What is needed:
From the material below, return exactly the lines starting at the one that holds "Men Stars Stripes" and ending at the one that holds "Funko Pop! POP! Games Pokemon - Psyduck". Pictures stay out of the answer.

Information supplied:
▼▼▼

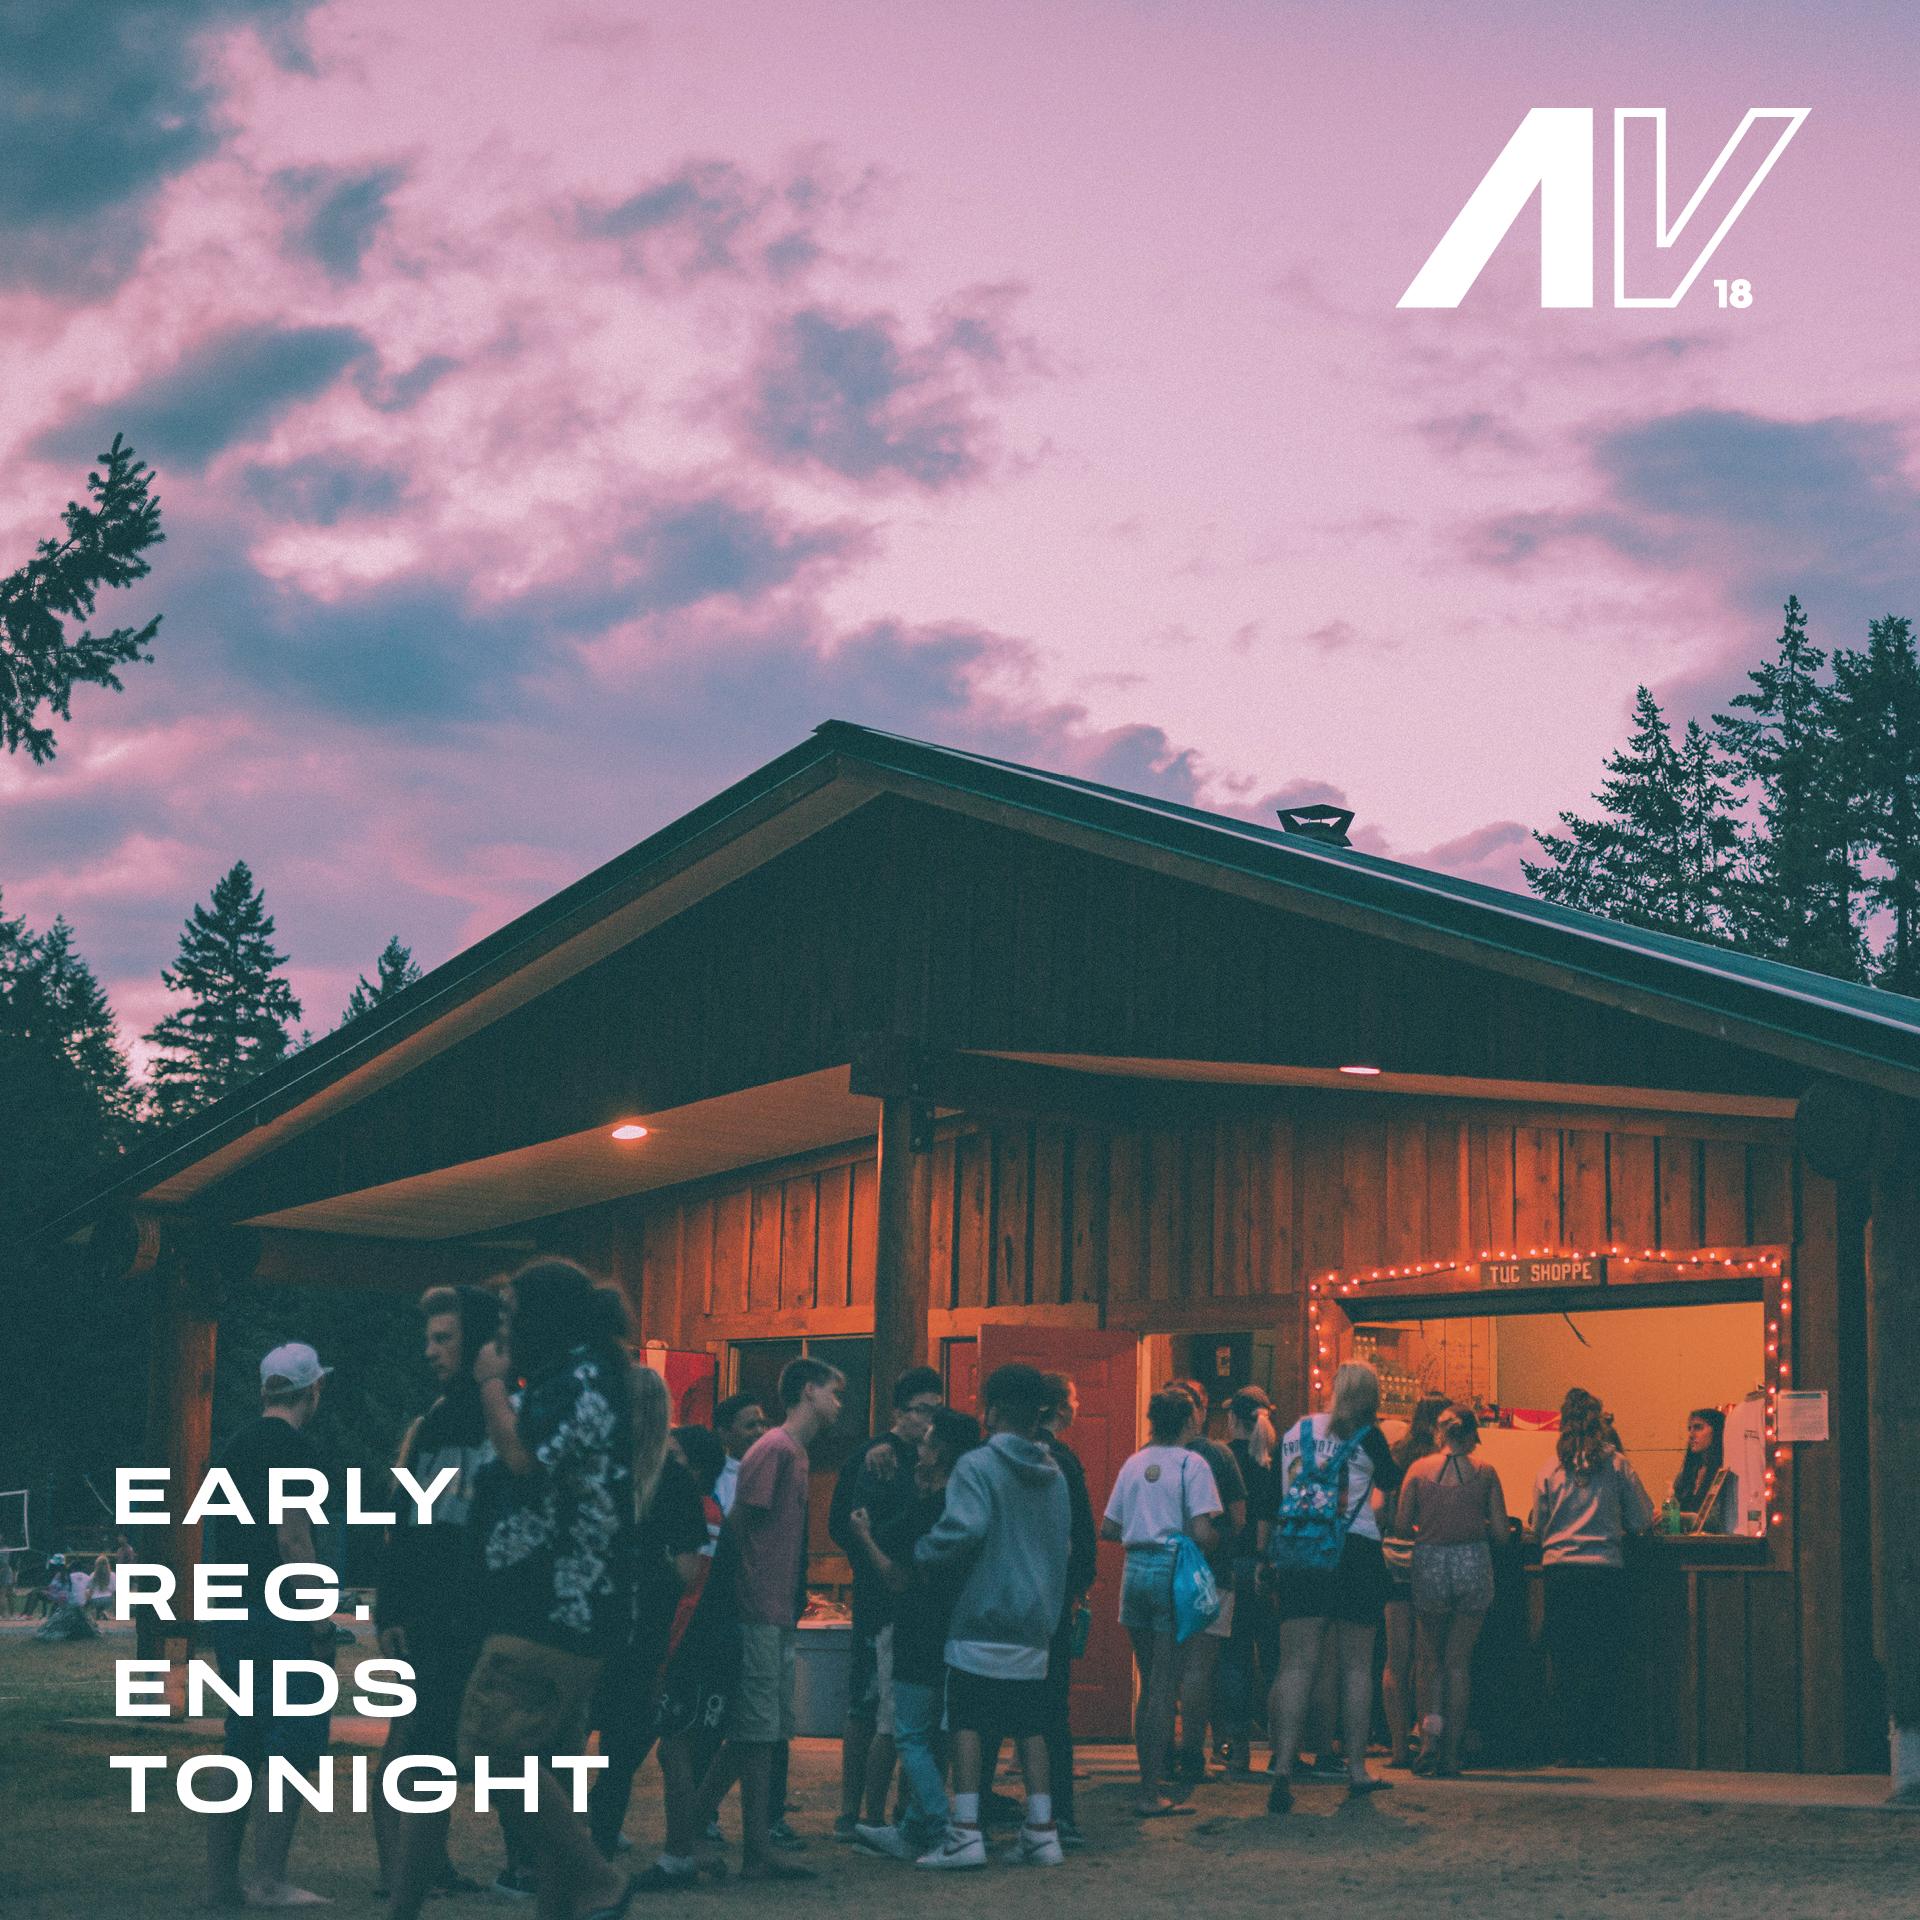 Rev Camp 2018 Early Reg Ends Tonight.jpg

▲▲▲
▼▼▼

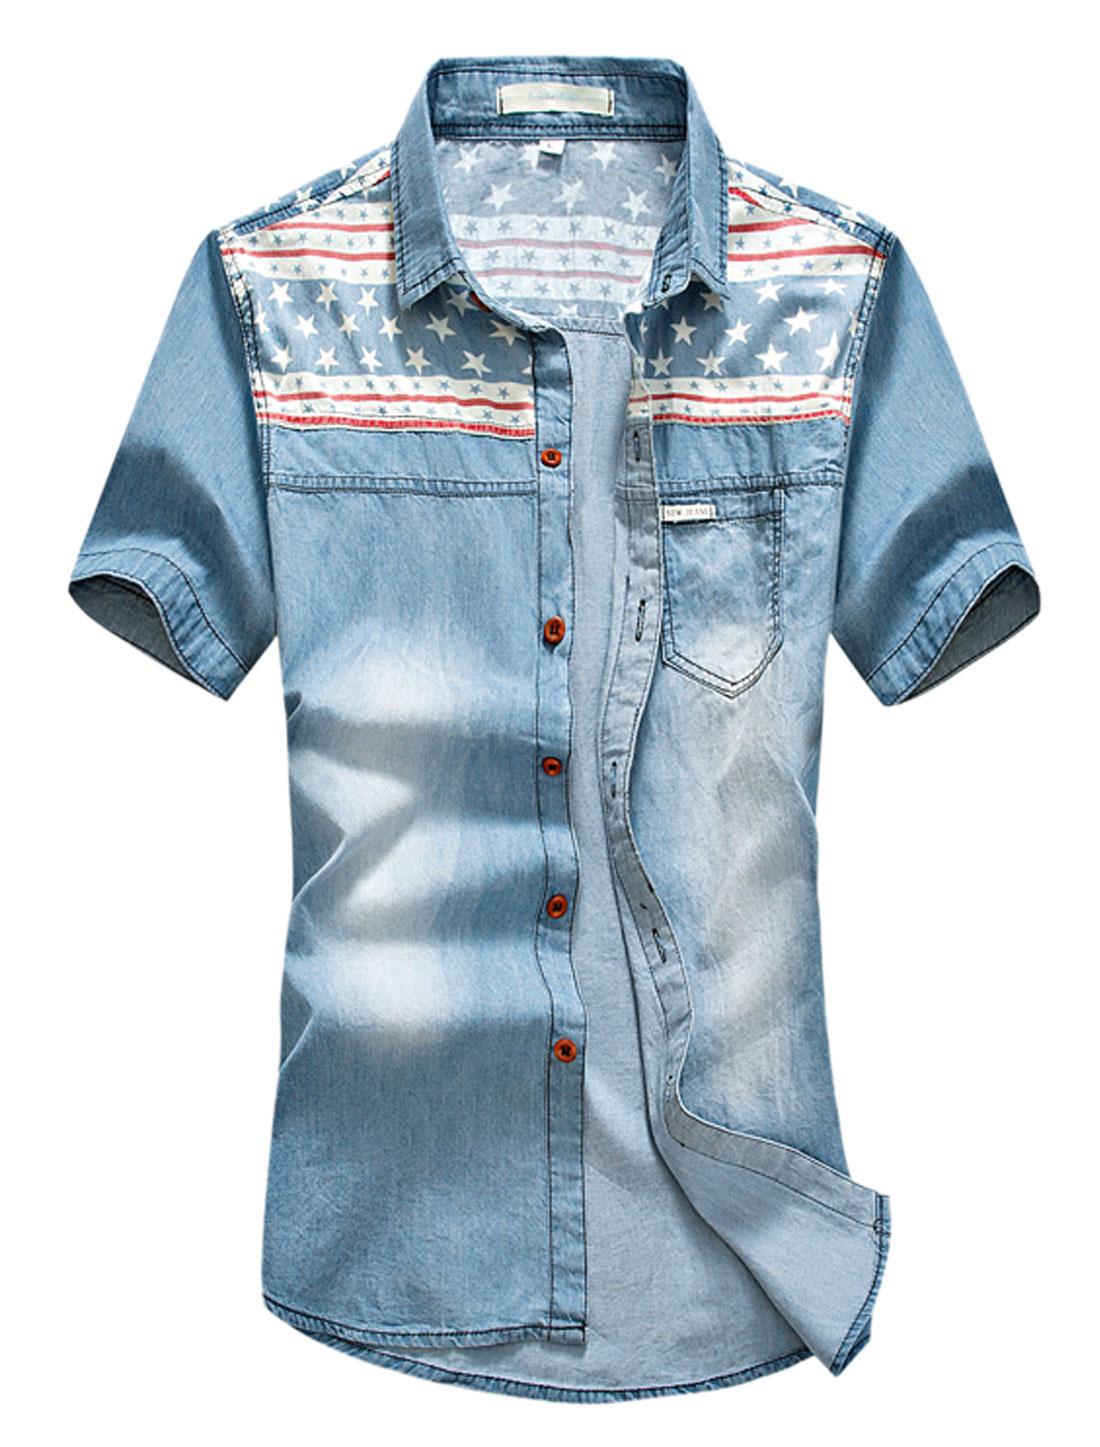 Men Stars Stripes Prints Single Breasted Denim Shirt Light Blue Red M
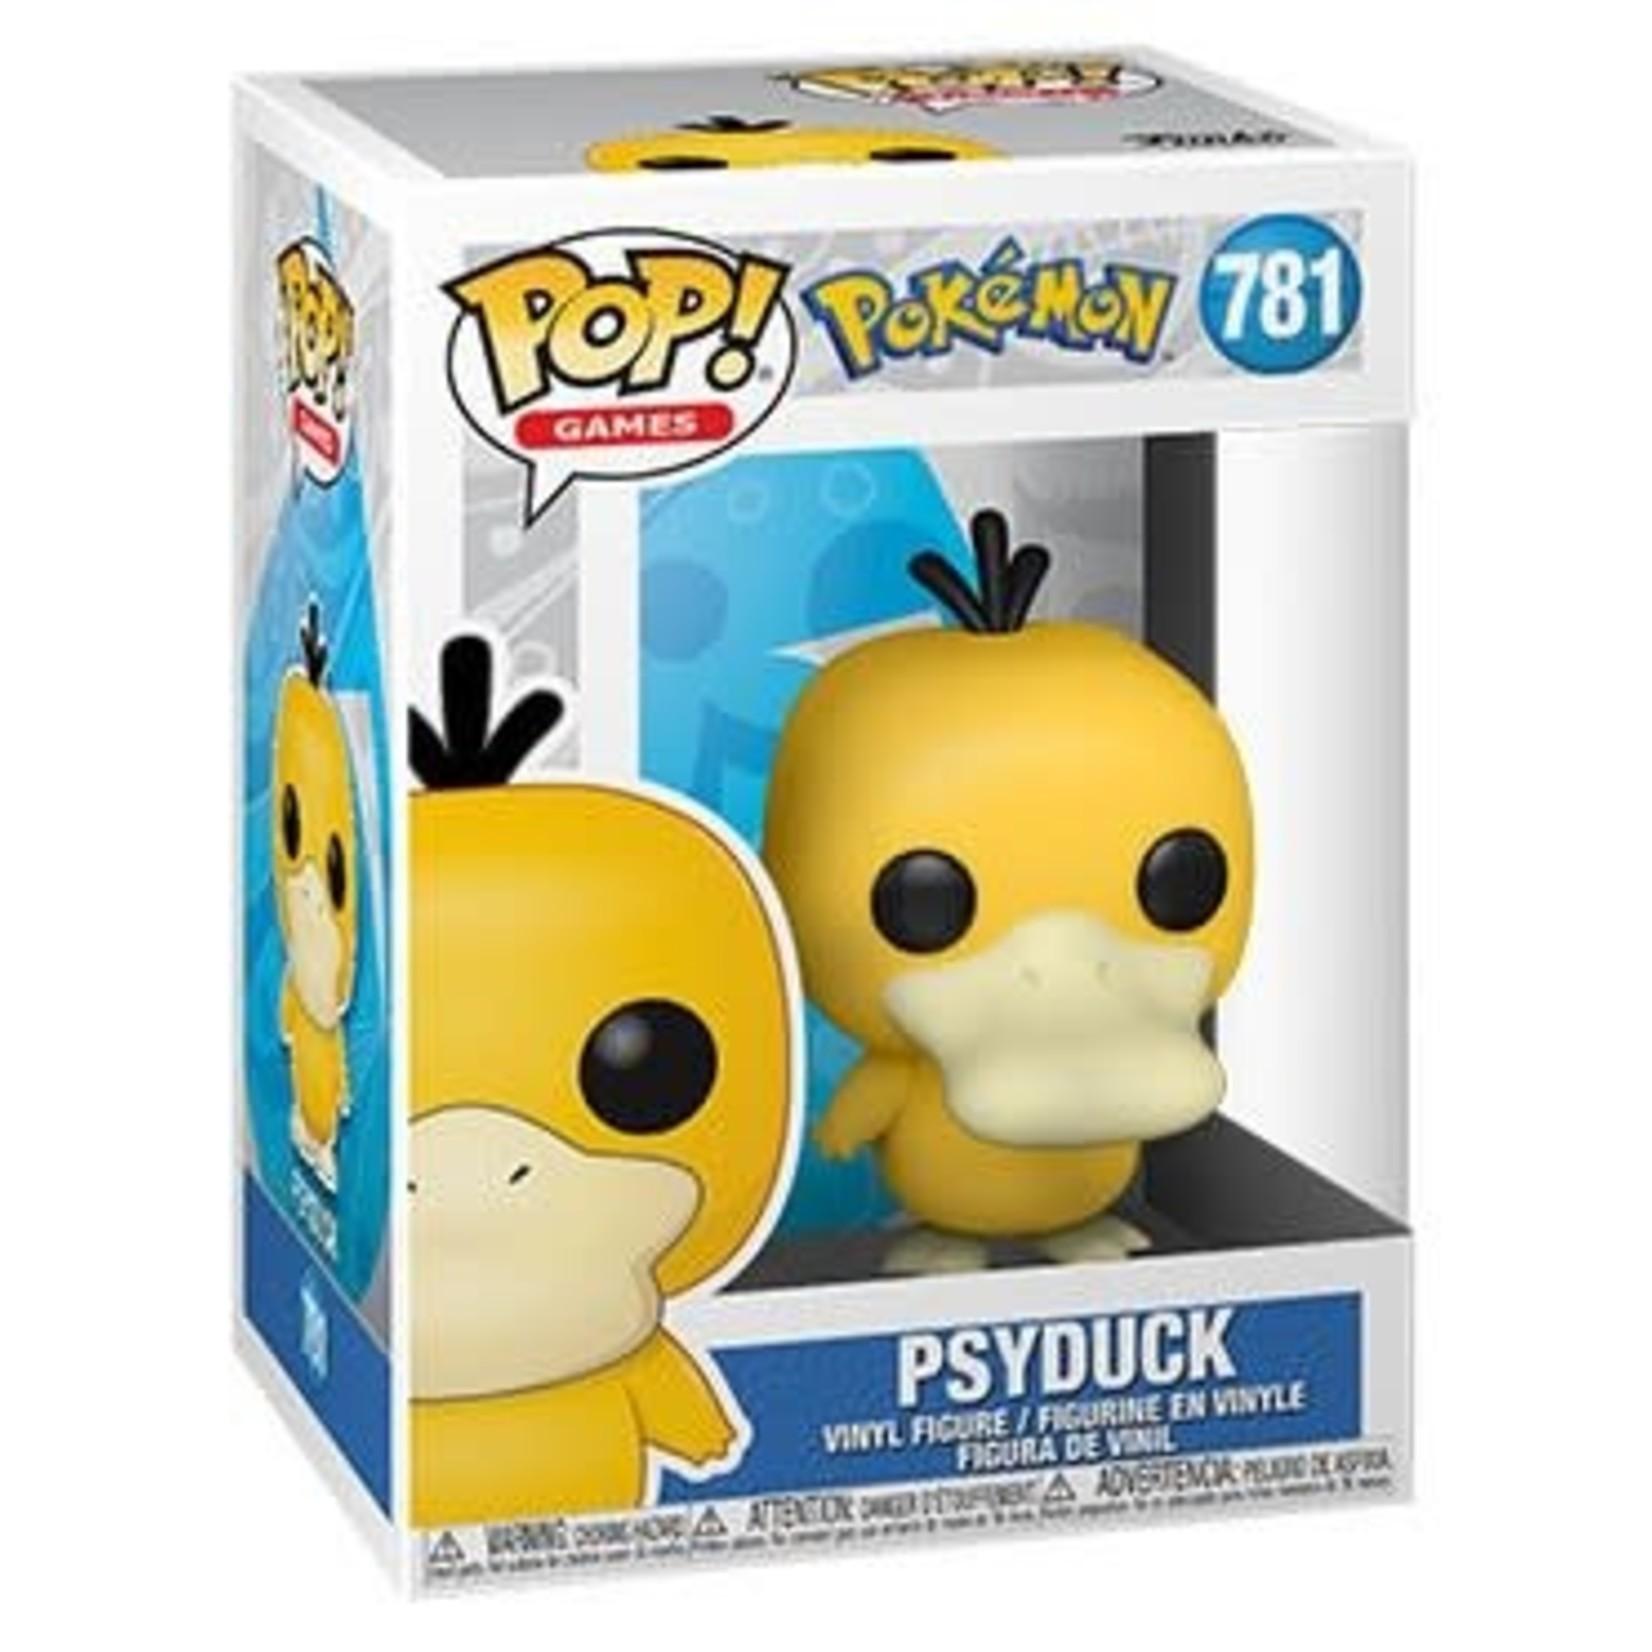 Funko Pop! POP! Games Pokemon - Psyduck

▲▲▲

Final answer:
 Men Stars Stripes Prints Single Breasted Denim Shirt Light Blue Red M
 Funko Pop! POP! Games Pokemon - Psyduck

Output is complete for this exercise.